Depois de se entregar totalmente à ilusão dos prazeres absolutos, vividos orgiasticamente na onipotência do Eu e no aqui e agora dos sentidos, ajudados pela ingestão de substâncias geradoras de prazer, é chegada a hora do arrependimento, da penitência e do jejum. A cinza é, por excelência, um resídu aquilo que resta após a extinção do fogo e, portanto, antropocentricamente, o cadáver, resíduo do corpo depois que nele se extinguiu o fogo da vida.
Sob o ponto de vista espiritual, o valor da cinza é nulo já que resíduo; mostra-nos assim a nulidade da vida humana já que precária. Na Índia, os corpos dos iogues e dos sadhus são esfregados com cinzas como sinal de renúncia a toda vaidade terrena, a exemplo do corpo do Xiva asceta, ao passo que os ascetas cristãos às vezes misturam seus alimentos com cinzas. Realmente, o corpo acinzentado em razão da cinza que o cobre causa repulsa, e não desejo, representando um ataque frontal ao seu poder de despertar o desejo e atrair o outro num movimento de aproximação entre os humanos que antecede o sexual.
Não podemos nos esquecer, entretanto, que tudo aquilo que está associado à morte liga-se, como ela, ao simbolismo do eterno retorno, que explica o costume, mantido durante tanto tempo nos mosteiros cristãos, de se estender os moribundos no chão recoberto por uma cinza disposta em forma de cruz, lembrando que a cruz é um símbolo universal da alternância morte/vida, que dá sentido ao fato.

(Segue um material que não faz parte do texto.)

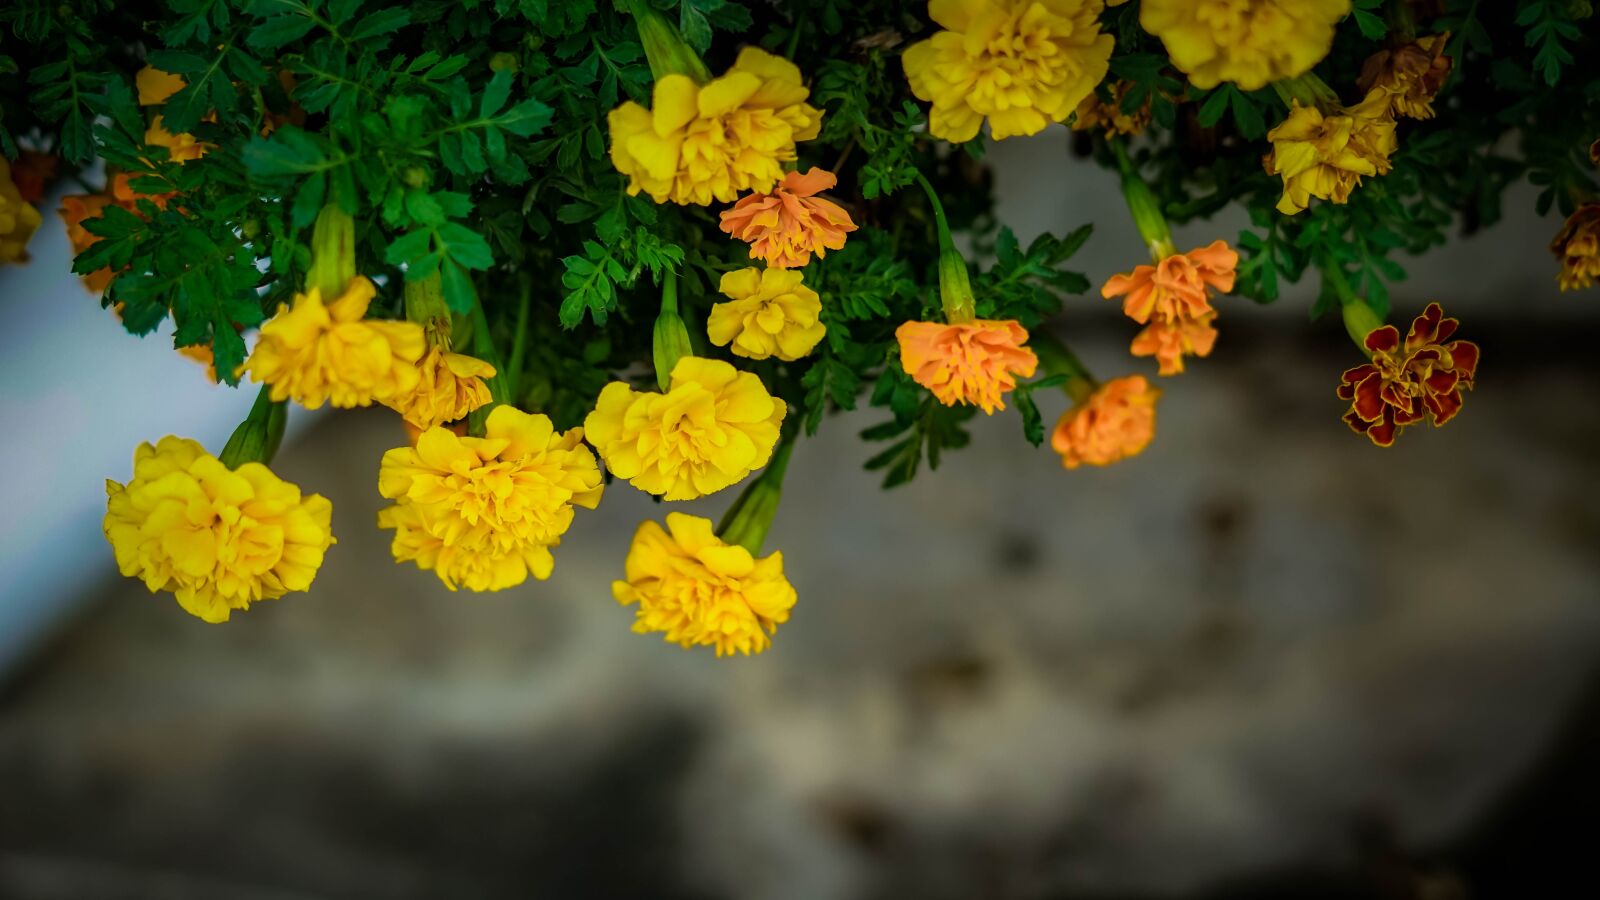 Sony a6000 sample photo. Flower, yellow, nature photography
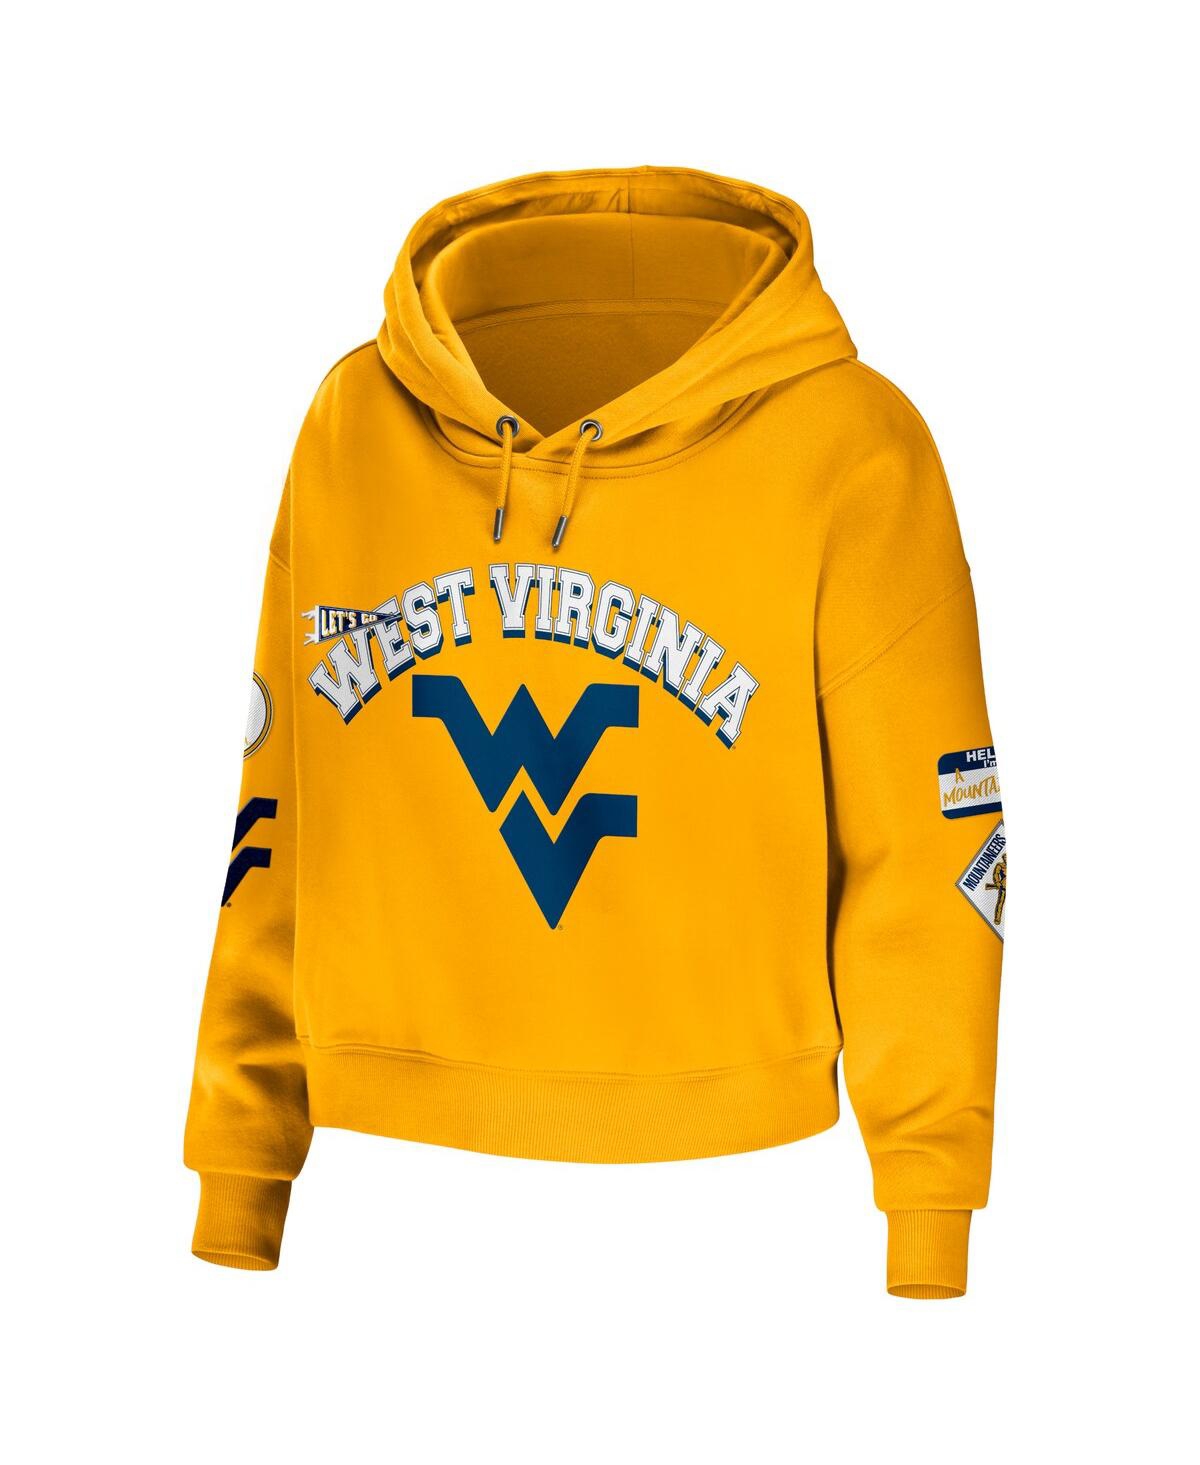 Shop Wear By Erin Andrews Women's  Gold West Virginia Mountaineers Mixed Media Cropped Pullover Hoodie

Lembrando o recente texto do Arnaldo Jabor onde ele mostra sua incompreensão da experiência anualmente repetida pelos brasileiros de se entregarem ao carnaval: “um povo sofrido, roubado, explorado... sem perspectiva de vida... de uma hora para outra explode numa alegria sem motivo... sem limites e sem pudor.” Eu diria que é por isso mesmo que existe o carnaval, para dar oportunidade de se entregar de corpo inteiro a uma experiência totalmente contrária ao seu dia a dia – uma liberação social à vida da fantasia, da brincadeira, da encenação pública de histórias infantis onde aparecem “rei e rainha”... Pelo menos, naqueles três dias, o sonho está liberado para ser realidade e cada um vive seu próprio sonho realizado – ser marinheiro, mulher, fada, nobreza ou qualquer outro personagem, sabendo que é apenas um papel e que na Quarta-feira de Cinzas ele retomará sua própria personalidade e trabalho. Essa é uma magia de oposição onde, se você quer chamar a chuva, você espalha cinzas do alto de uma montanha. Na liturgia cristã, a Quarta-feira de Cinzas remete às palavras de Abraã “Eu me atrevo a falar ao meu Senhor, eu que sou poeira e cinza.”